Rheumatologists are encouraged to track manifestations, such as vascularization and nail involvement, to determine who may progress to more serious disease. “Nail psoriasis is really important in terms of predicting PsA,” Behrens said.
Once it has been established that the patient is moving to more severe psoriatic disease, treatment goals must be defined. Behrens highlighted the move toward treat-to-target paradigms across the rheumatology spectrum. “But to hit the correct target is a challenge,” he said.
A good place to start would be to lower inflammation as much as possible. “If you can control the inflammation, you lower the risk for other manifestations,” Behrens said.
Behrens is encouraged by an increasing therapeutic armamentarium to hit those treatment targets. “We have so many new therapeutic options available right now,” he said.
However, while organizations like American College of Rheumatology or the Group for Research and Assessment of Psoriasis and Psoriatic Arthritis (GRAPPA) have published guidelines for treatment, Behrens acknowledged that they are often “non-specific” when it comes to selecting a therapy or class as a patient’s disease progresses. “There is no clear hierarchic order,” he said of the GRAPPA document.
Behrens offered some pearls for how to manage patients who are not responding to first-line therapy with methotrexate or leflunomide.
One consideration is adding a biologic to MTX. Some data show that the addition of a biologic to MTX “is unlikely to improve outcomes,” according to Behrens. “But it may have utility with TNF inhibitors,” he said. “There is always a ‘but’; it’s a nightmare.”
For clinicians to truly understand which medications to choose for which patients at which time, head-to-head trials, rather than placebo-controlled trials, are essential. However, data comparing mainstays, like adalimumab (Humira, Abbvie), with novel interleukinIL-17 inhibitors, like ixekizumab (Taltz, Eli Lilly & Co.) and secukinumab (Cosentyx, Novartis), are sparse. “We have a lot of meta-analyses of placebo trials, but we do not have direct comparisons,” he said.

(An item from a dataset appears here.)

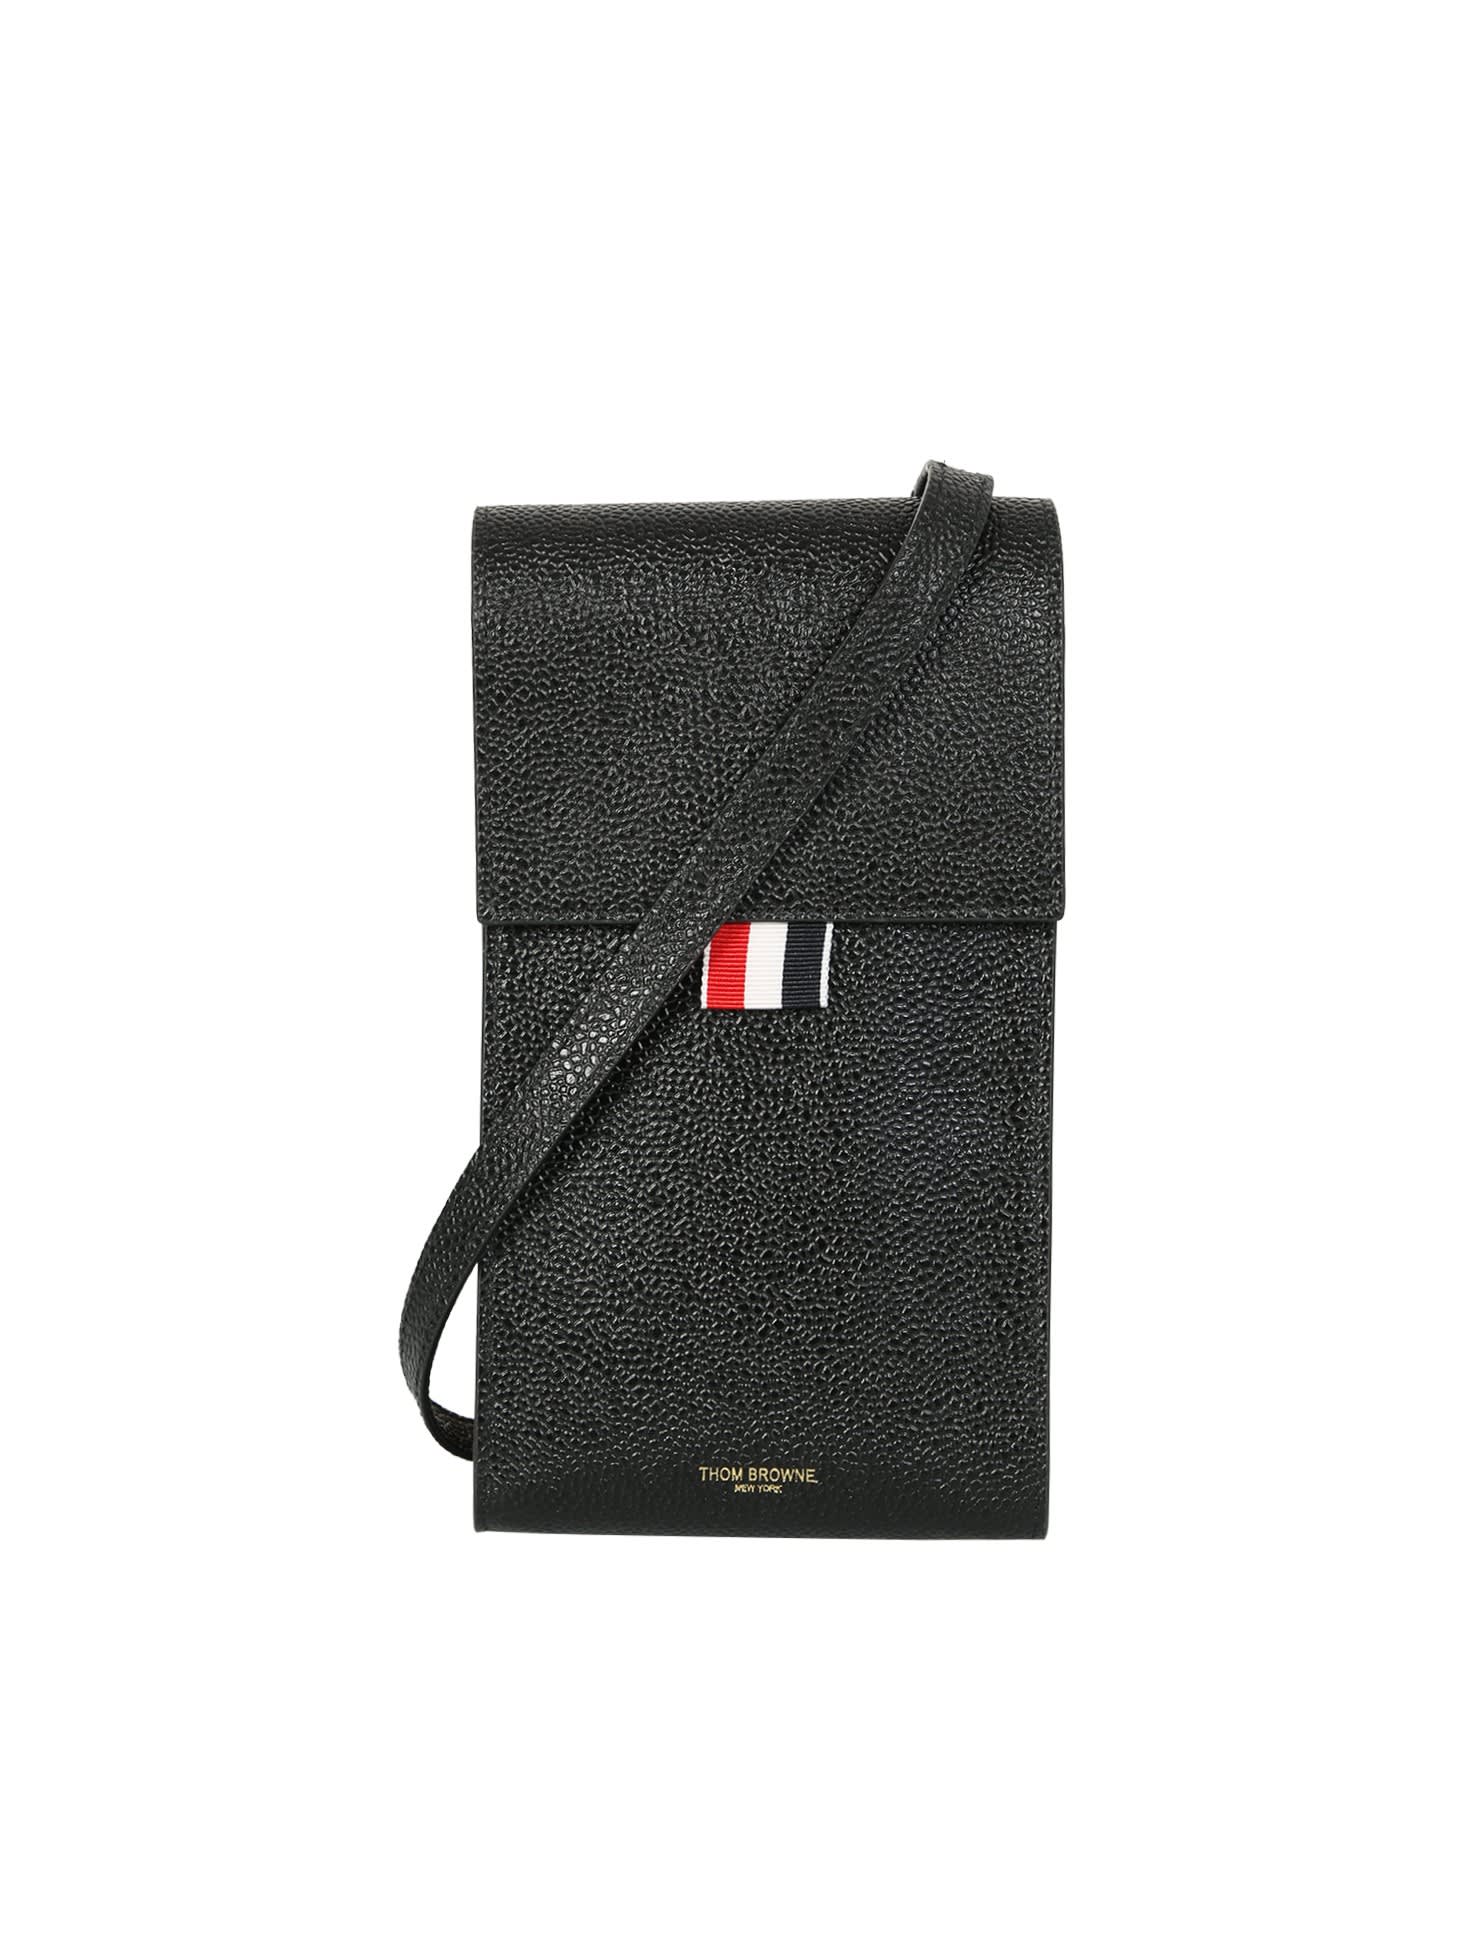 Thom Browne Smartphone Case Made In Leather In Black | ModeSens
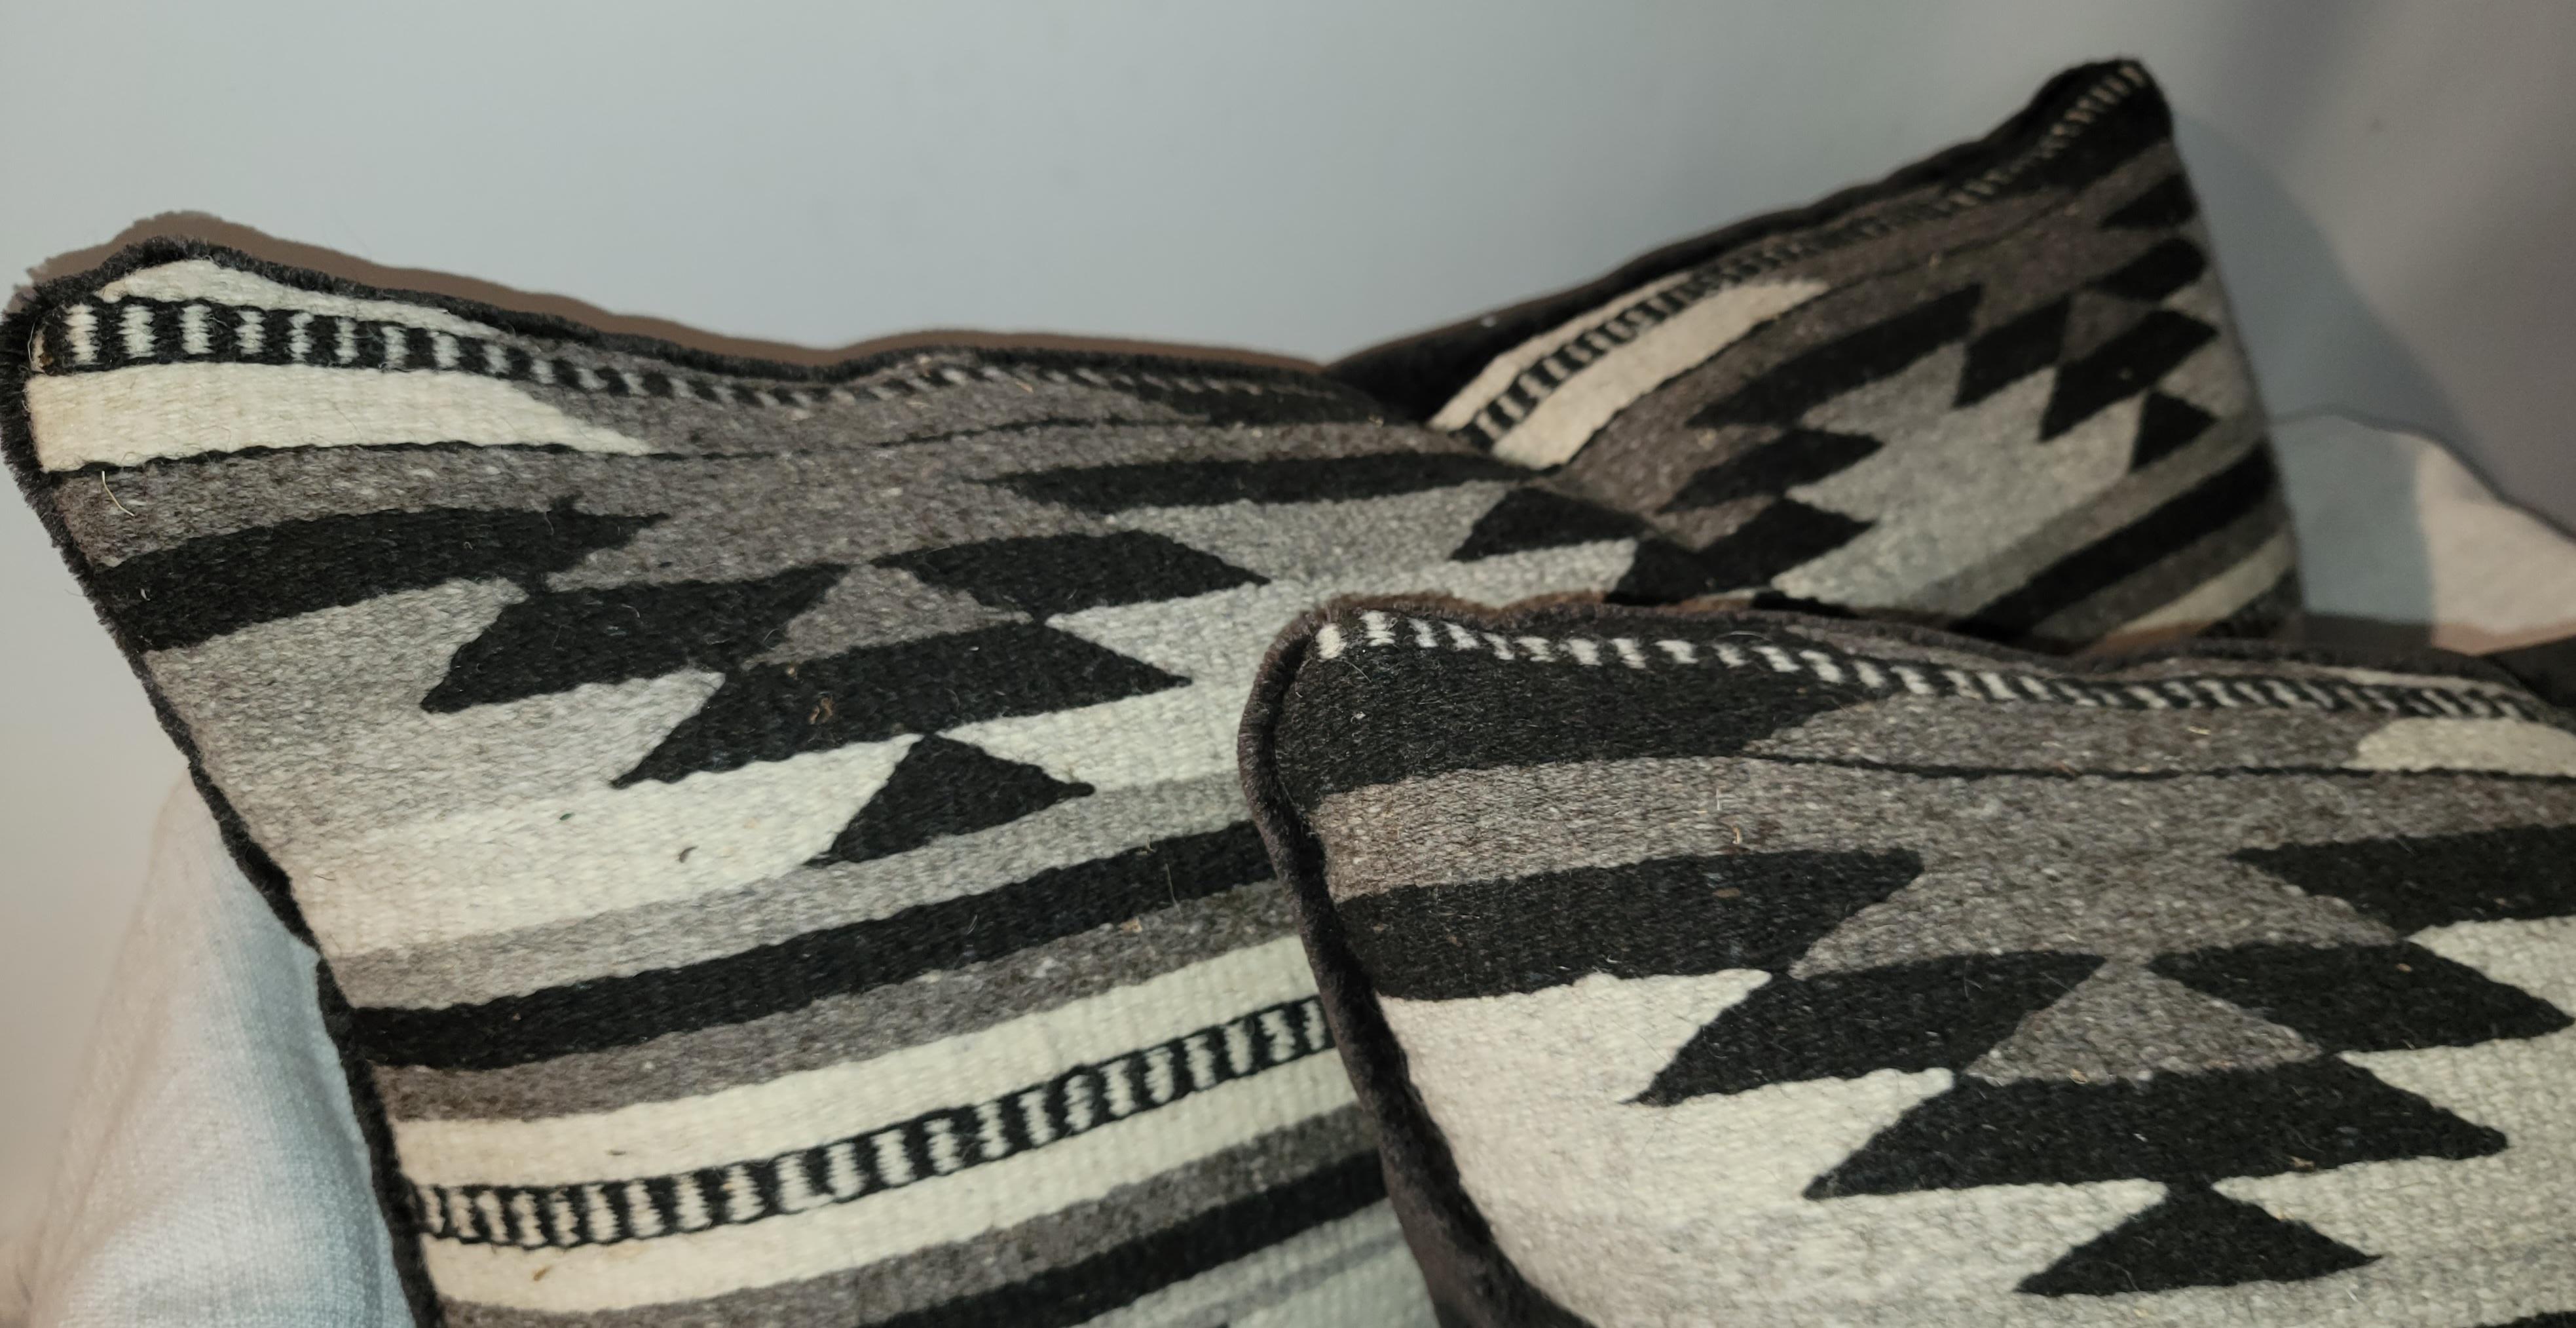 Pair of beautiful Navajo Indian weaving bolster pillows. Feather and down inserts. Zippered casing.

That said, some signals are emerging with regard to which classes may have utility in which patient groups. “If it is pure arthritis, there may be no difference between classes,” Behrens said. “If it is enthesitis or uveitis, there may be some evidence that IL-17 and IL-23 inhibition may be more effective.”
Another suggestion is that abatacept (Orencia, Bristol Myers Squibb) can be effective in patients with more arthritic psoriatic disease. “Those patients who look most like RA, that is when abatacept is working,” Behrens said.
Guselkumab (Tremfya, Janssen) may have utility for skin disease. “IgA is now a very important aspect of global assessment," Behrens added.
Looking to the future, Behrens called on the research and clinical communities to develop a “decision tree” for patients with psoriatic disease. “This is what we have to develop in rheumatology,” he said. “For different parts of the tree — if the patient has IBD or enthesitis or uveitis — then you come up with treatment choices.”